Entries taken from a collection

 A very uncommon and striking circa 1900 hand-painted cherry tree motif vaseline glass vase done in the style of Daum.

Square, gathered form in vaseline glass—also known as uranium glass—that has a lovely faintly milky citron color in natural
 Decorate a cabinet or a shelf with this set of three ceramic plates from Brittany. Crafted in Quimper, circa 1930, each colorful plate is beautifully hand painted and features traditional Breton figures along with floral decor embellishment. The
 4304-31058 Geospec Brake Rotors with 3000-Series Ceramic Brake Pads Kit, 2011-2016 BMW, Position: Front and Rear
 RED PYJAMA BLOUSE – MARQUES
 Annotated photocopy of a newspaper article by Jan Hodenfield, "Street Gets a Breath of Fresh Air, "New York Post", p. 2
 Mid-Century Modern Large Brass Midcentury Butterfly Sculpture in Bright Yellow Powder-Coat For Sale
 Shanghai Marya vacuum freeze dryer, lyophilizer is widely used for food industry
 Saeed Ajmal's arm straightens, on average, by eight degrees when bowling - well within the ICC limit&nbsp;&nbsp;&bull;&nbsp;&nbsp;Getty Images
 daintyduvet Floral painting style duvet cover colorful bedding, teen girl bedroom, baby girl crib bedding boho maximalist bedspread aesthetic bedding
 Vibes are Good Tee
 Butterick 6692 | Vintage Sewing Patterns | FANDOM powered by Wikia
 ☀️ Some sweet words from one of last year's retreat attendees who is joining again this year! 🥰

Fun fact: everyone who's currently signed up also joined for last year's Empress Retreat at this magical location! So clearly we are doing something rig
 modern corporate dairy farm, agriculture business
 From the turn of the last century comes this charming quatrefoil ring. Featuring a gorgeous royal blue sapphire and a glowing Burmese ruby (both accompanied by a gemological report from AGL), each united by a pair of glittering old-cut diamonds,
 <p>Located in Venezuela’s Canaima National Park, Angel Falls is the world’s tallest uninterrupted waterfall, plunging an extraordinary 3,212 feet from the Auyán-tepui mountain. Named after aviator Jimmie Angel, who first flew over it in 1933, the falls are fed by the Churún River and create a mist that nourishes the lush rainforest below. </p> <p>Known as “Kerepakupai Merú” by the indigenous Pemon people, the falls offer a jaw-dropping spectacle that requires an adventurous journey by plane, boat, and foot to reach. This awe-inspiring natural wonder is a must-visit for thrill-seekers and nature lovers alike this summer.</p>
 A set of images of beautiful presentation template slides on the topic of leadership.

→ Aim of the task: Write all of the records out again exactly.

→ Solution below:
 A very uncommon and striking circa 1900 hand-painted cherry tree motif vaseline glass vase done in the style of Daum.

Square, gathered form in vaseline glass—also known as uranium glass—that has a lovely faintly milky citron color in natural
 Decorate a cabinet or a shelf with this set of three ceramic plates from Brittany. Crafted in Quimper, circa 1930, each colorful plate is beautifully hand painted and features traditional Breton figures along with floral decor embellishment. The
 4304-31058 Geospec Brake Rotors with 3000-Series Ceramic Brake Pads Kit, 2011-2016 BMW, Position: Front and Rear
 RED PYJAMA BLOUSE – MARQUES
 Annotated photocopy of a newspaper article by Jan Hodenfield, "Street Gets a Breath of Fresh Air, "New York Post", p. 2
 Mid-Century Modern Large Brass Midcentury Butterfly Sculpture in Bright Yellow Powder-Coat For Sale
 Shanghai Marya vacuum freeze dryer, lyophilizer is widely used for food industry
 Saeed Ajmal's arm straightens, on average, by eight degrees when bowling - well within the ICC limit&nbsp;&nbsp;&bull;&nbsp;&nbsp;Getty Images
 daintyduvet Floral painting style duvet cover colorful bedding, teen girl bedroom, baby girl crib bedding boho maximalist bedspread aesthetic bedding
 Vibes are Good Tee
 Butterick 6692 | Vintage Sewing Patterns | FANDOM powered by Wikia
 ☀️ Some sweet words from one of last year's retreat attendees who is joining again this year! 🥰

Fun fact: everyone who's currently signed up also joined for last year's Empress Retreat at this magical location! So clearly we are doing something rig
 modern corporate dairy farm, agriculture business
 From the turn of the last century comes this charming quatrefoil ring. Featuring a gorgeous royal blue sapphire and a glowing Burmese ruby (both accompanied by a gemological report from AGL), each united by a pair of glittering old-cut diamonds,
 <p>Located in Venezuela’s Canaima National Park, Angel Falls is the world’s tallest uninterrupted waterfall, plunging an extraordinary 3,212 feet from the Auyán-tepui mountain. Named after aviator Jimmie Angel, who first flew over it in 1933, the falls are fed by the Churún River and create a mist that nourishes the lush rainforest below. </p> <p>Known as “Kerepakupai Merú” by the indigenous Pemon people, the falls offer a jaw-dropping spectacle that requires an adventurous journey by plane, boat, and foot to reach. This awe-inspiring natural wonder is a must-visit for thrill-seekers and nature lovers alike this summer.</p>
 A set of images of beautiful presentation template slides on the topic of leadership.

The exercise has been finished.